» WHAT IS BEING ASKED
For this exercise, transcribe every line of the material exactly and skip the pictures.

» DATASET CONTENT
++++++++++++++++++++
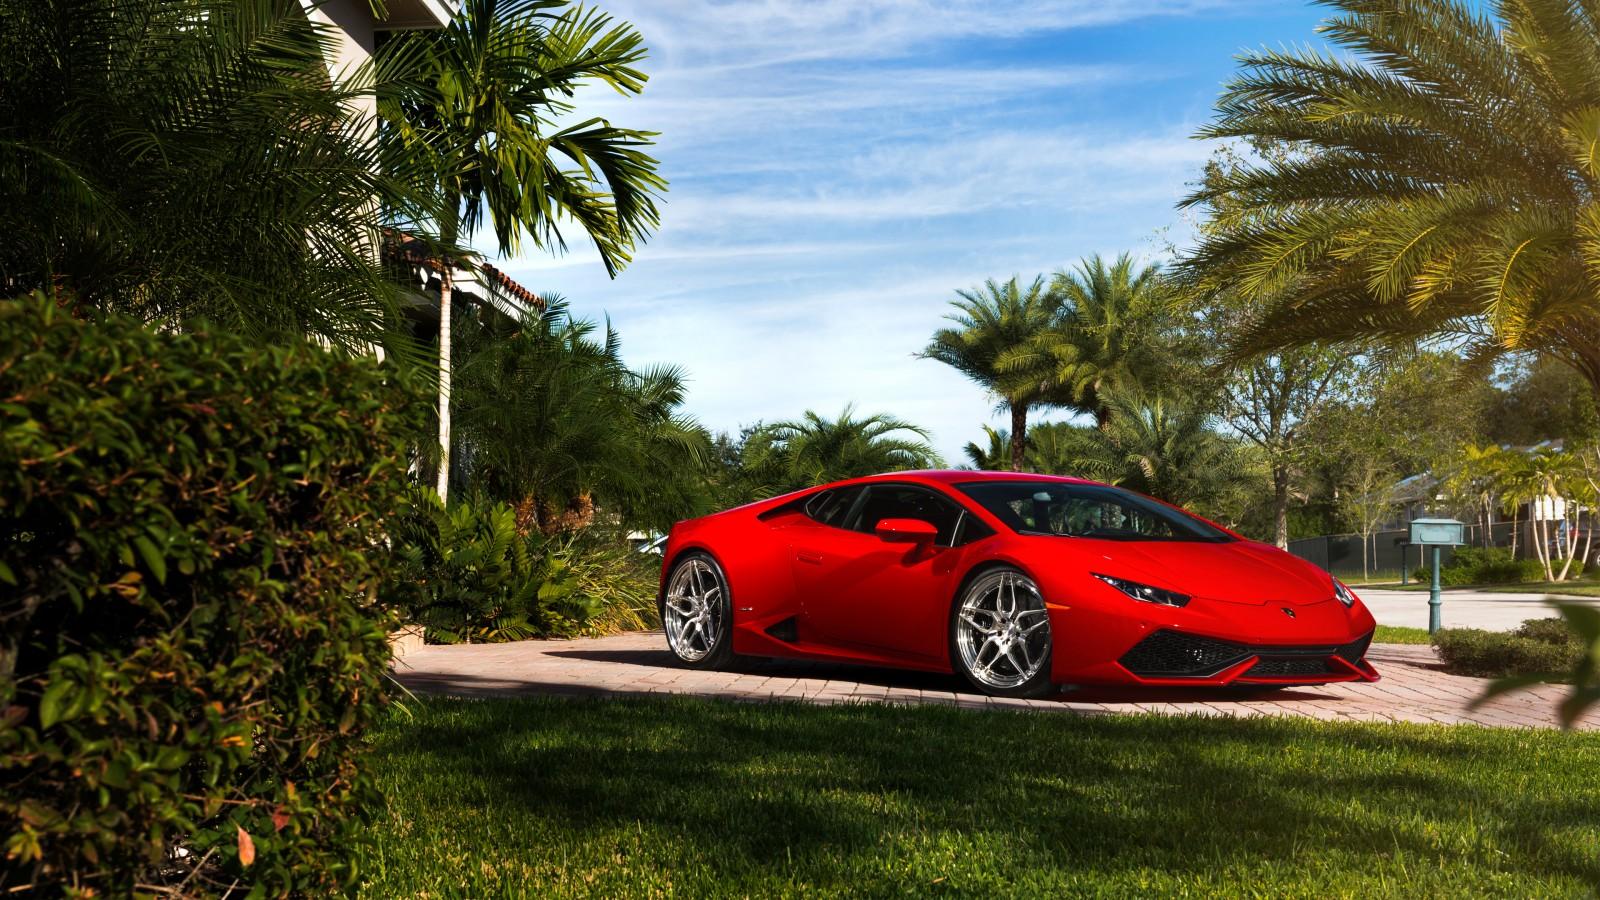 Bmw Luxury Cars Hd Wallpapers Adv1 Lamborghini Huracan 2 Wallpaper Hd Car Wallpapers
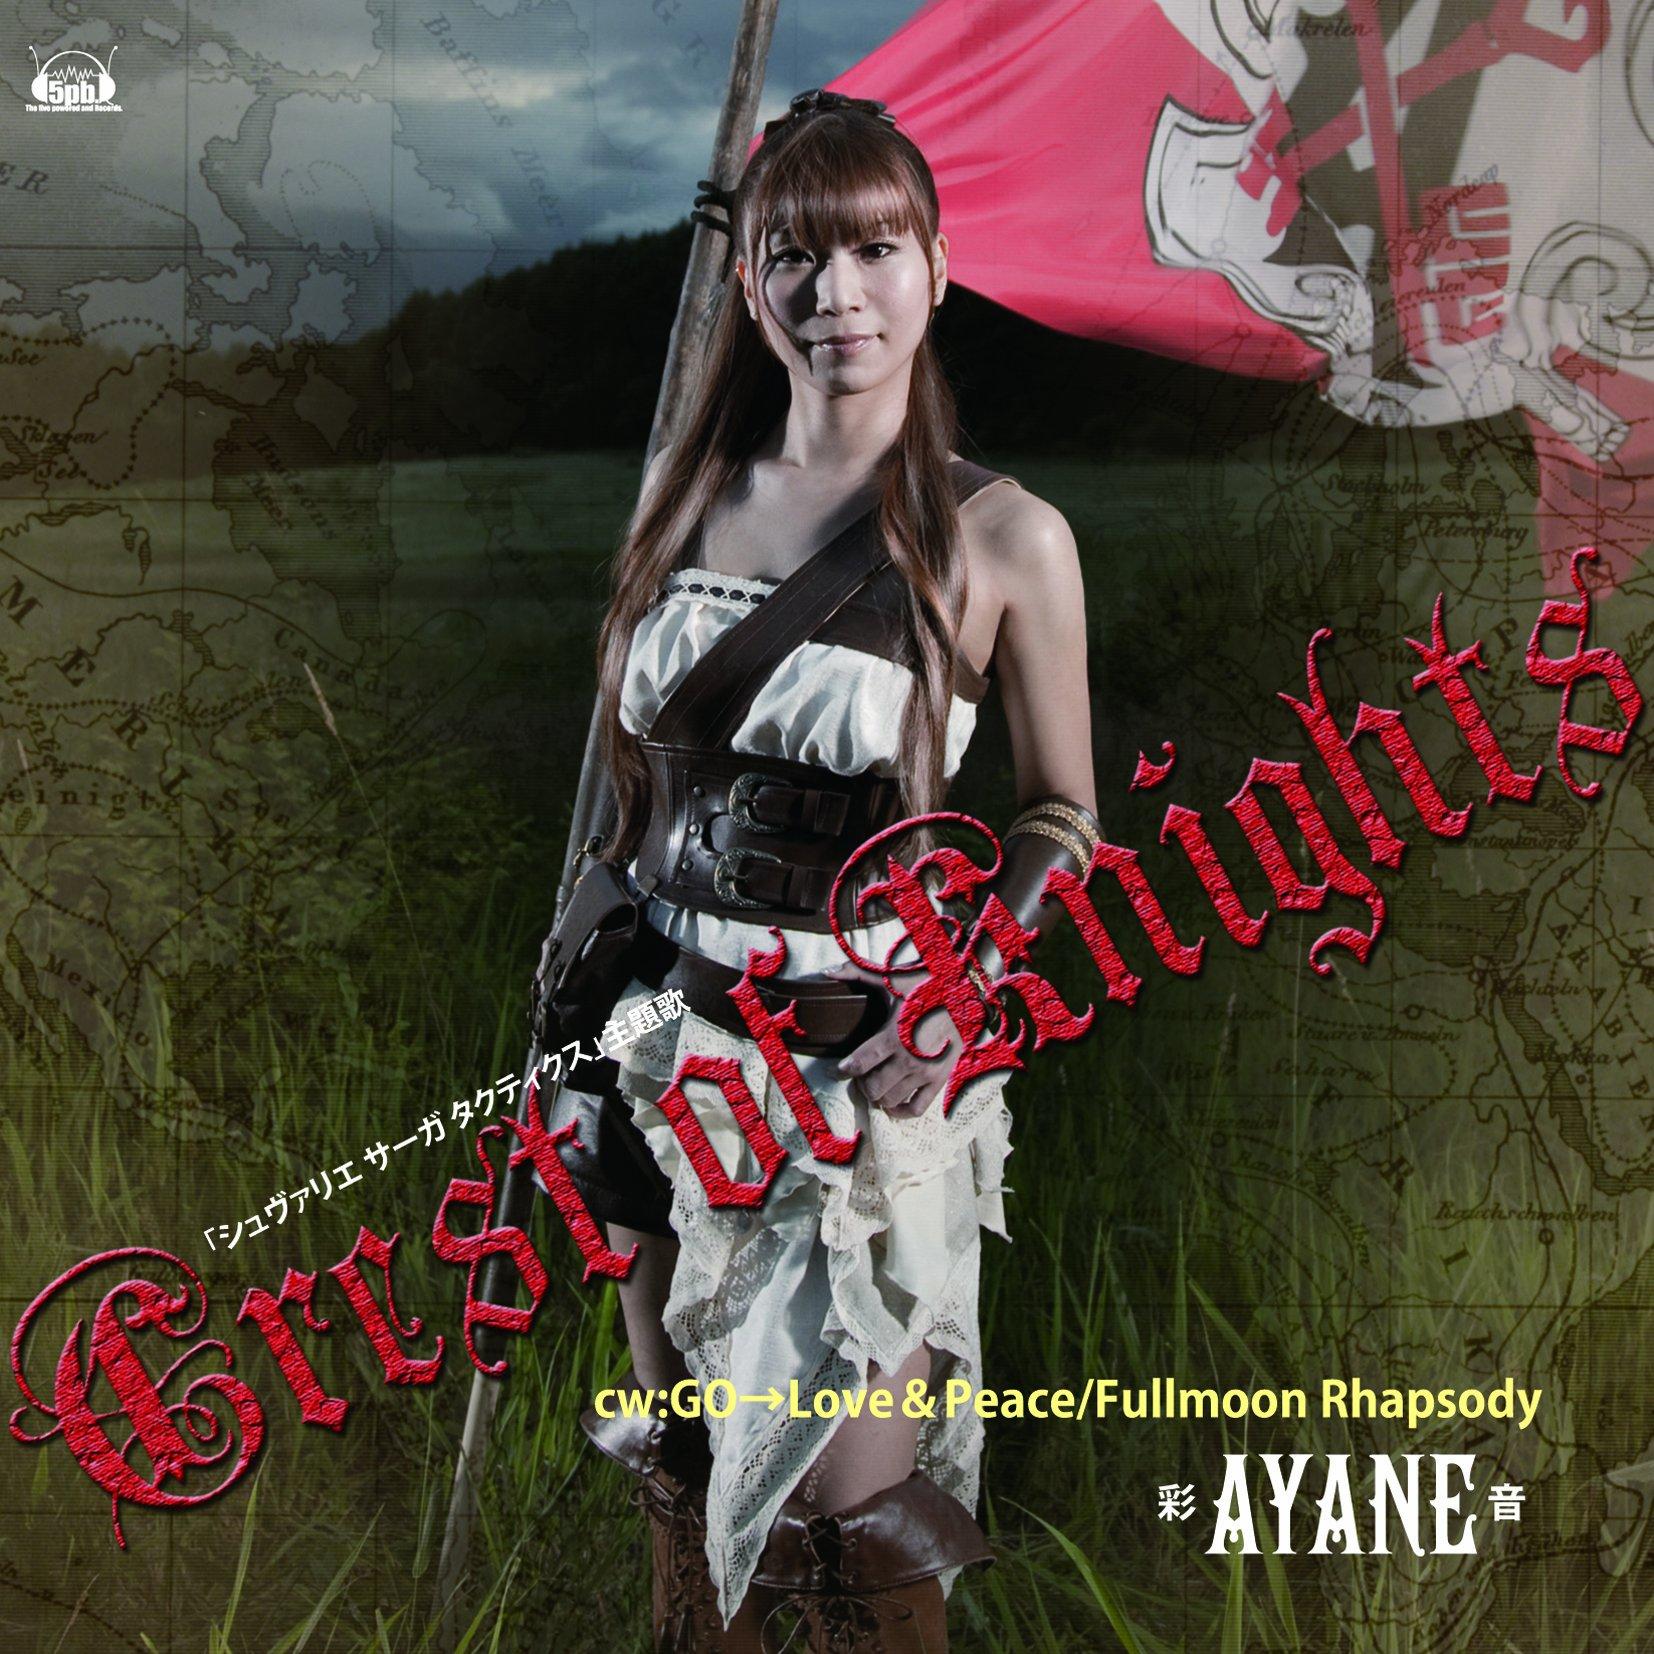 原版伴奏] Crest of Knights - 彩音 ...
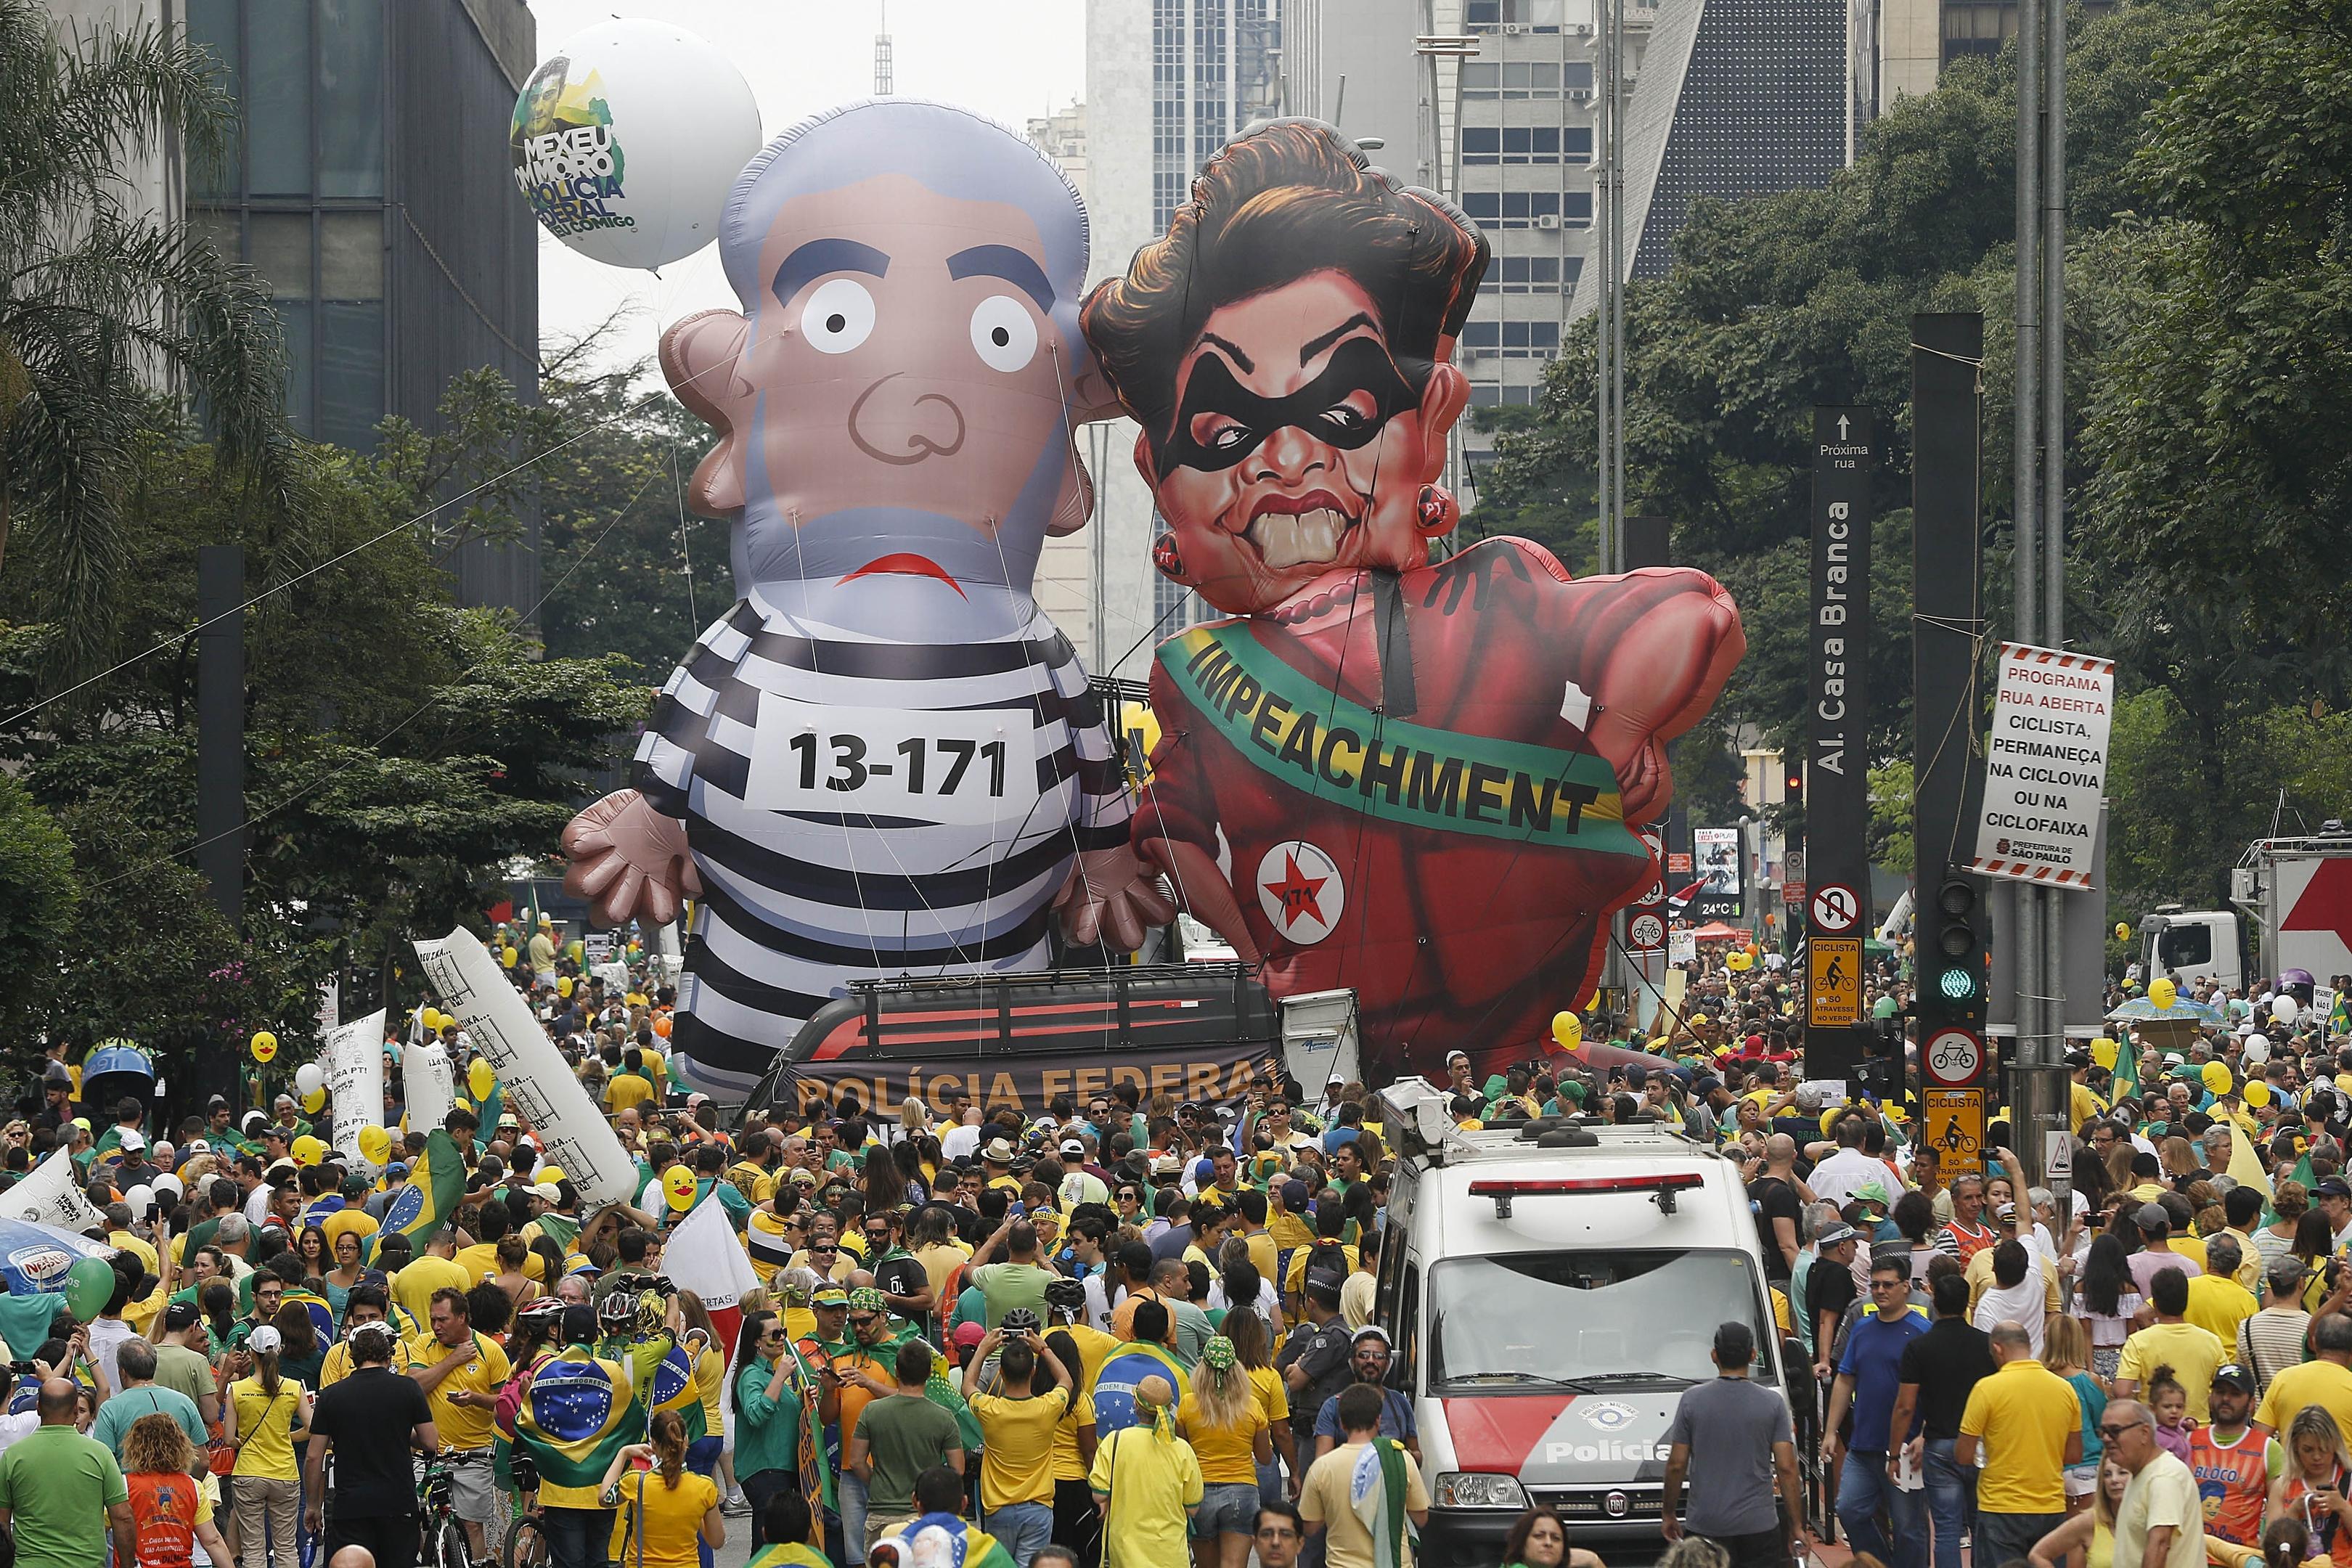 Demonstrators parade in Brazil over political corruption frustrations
++++++++++++++++++++
» TASK ANSWER
 Bmw Luxury Cars Hd Wallpapers Adv1 Lamborghini Huracan 2 Wallpaper Hd Car Wallpapers
 原版伴奏] Crest of Knights - 彩音 ...
 Demonstrators parade in Brazil over political corruption frustrations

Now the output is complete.